Vortex Variable Range Hopping in a Conventional Superconducting Film

TL;DR

This study investigates vortex behavior in a disordered superconducting film, revealing a vortex variable-range hopping mechanism that explains resistance behavior near the superconductor-insulator transition.

Contribution

It introduces a model of vortex hopping in a granular superconducting film, applying Mott variable-range hopping theory to vortices, which is a novel approach.

Findings

Resistance follows 2D Mott variable-range hopping of vortices.

Superconductor-insulator transition observed without isotherm crossing.

Vortex hopping parameters estimated using granular model.

Abstract

The behavior of a disordered amorphous thin film of superconducting Indium Oxide has been studied as a function of temperature and magnetic field applied perpendicular to its plane.

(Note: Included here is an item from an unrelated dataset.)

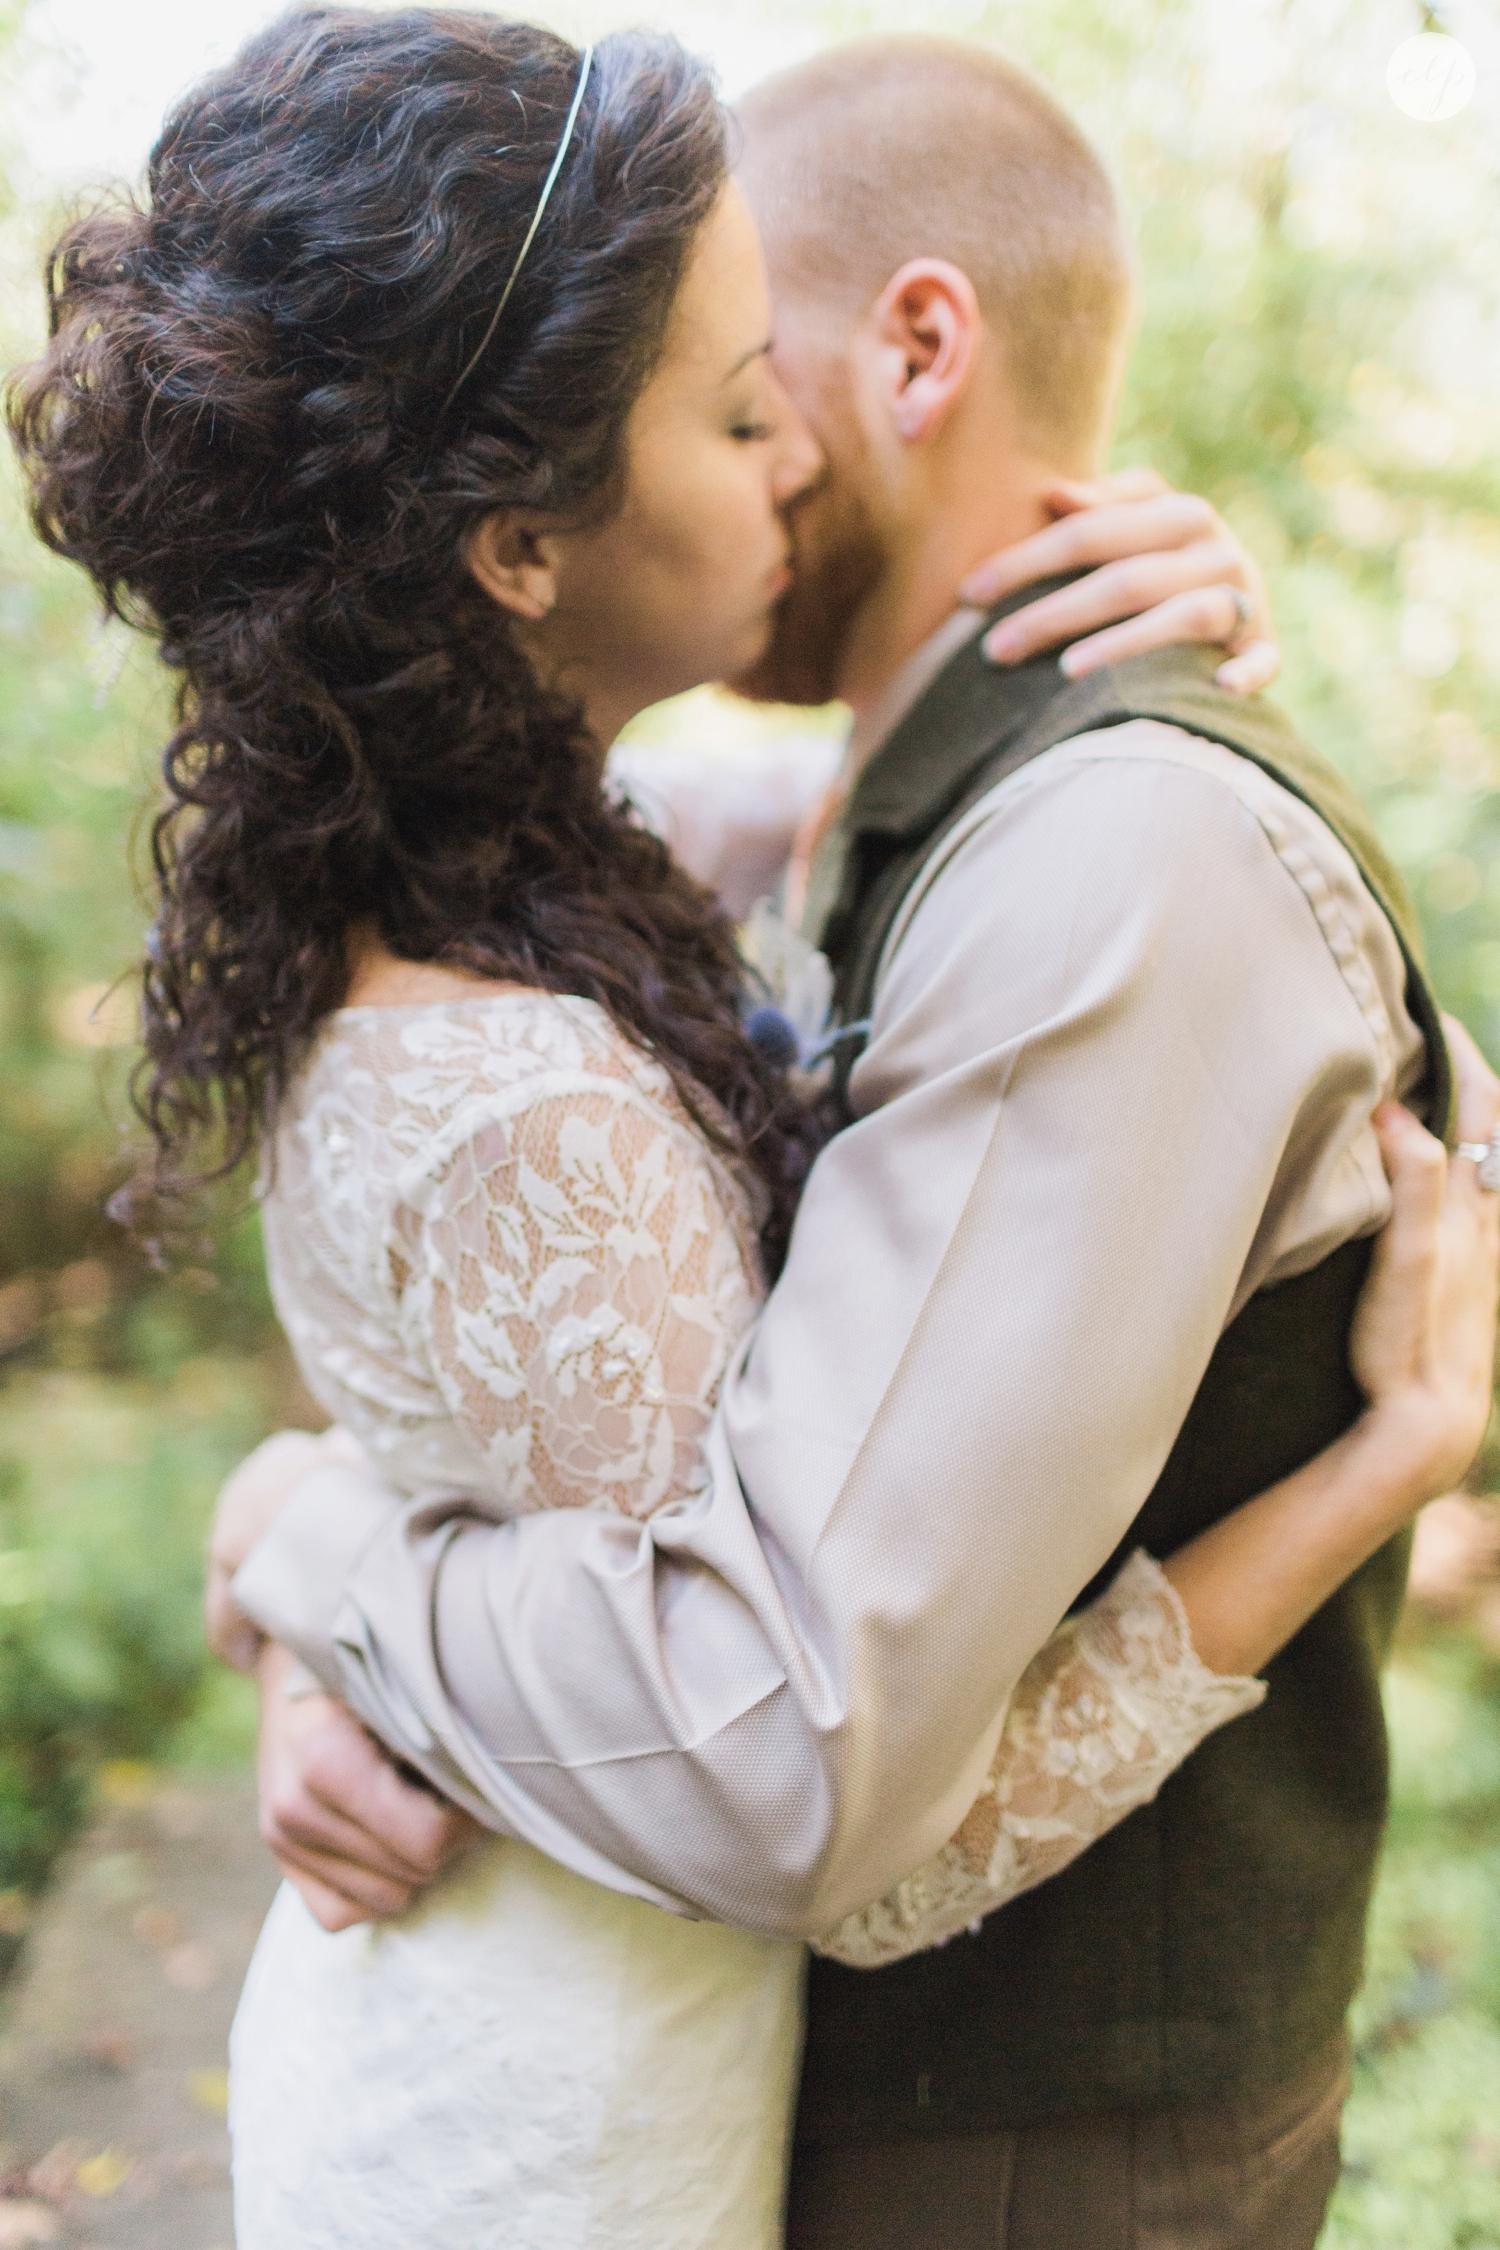 Outdoor-Wedding-in-the-Woods-Photography_4229.jpg

A superconductor-insulator transition has been observed, though the isotherms do not cross at a single point. The curves of resistance vs. temperature on the putative superconducting side of this transition, where the resistance decreases with decreasing temperature, obey two-dimensional Mott variable-range hopping of vortices over wide ranges of temperature and resistance. To estimate the parameters of hopping, the film is modeled as a granular system and the hopping of vortices is treated in a manner analogous to hopping of charges. The reason the long range interaction between vortices over the range of magnetic fields investigated does not lead to a stronger variation of resistance with temperature than that of two-dimensional Mott variable-range hopping remains unresolved.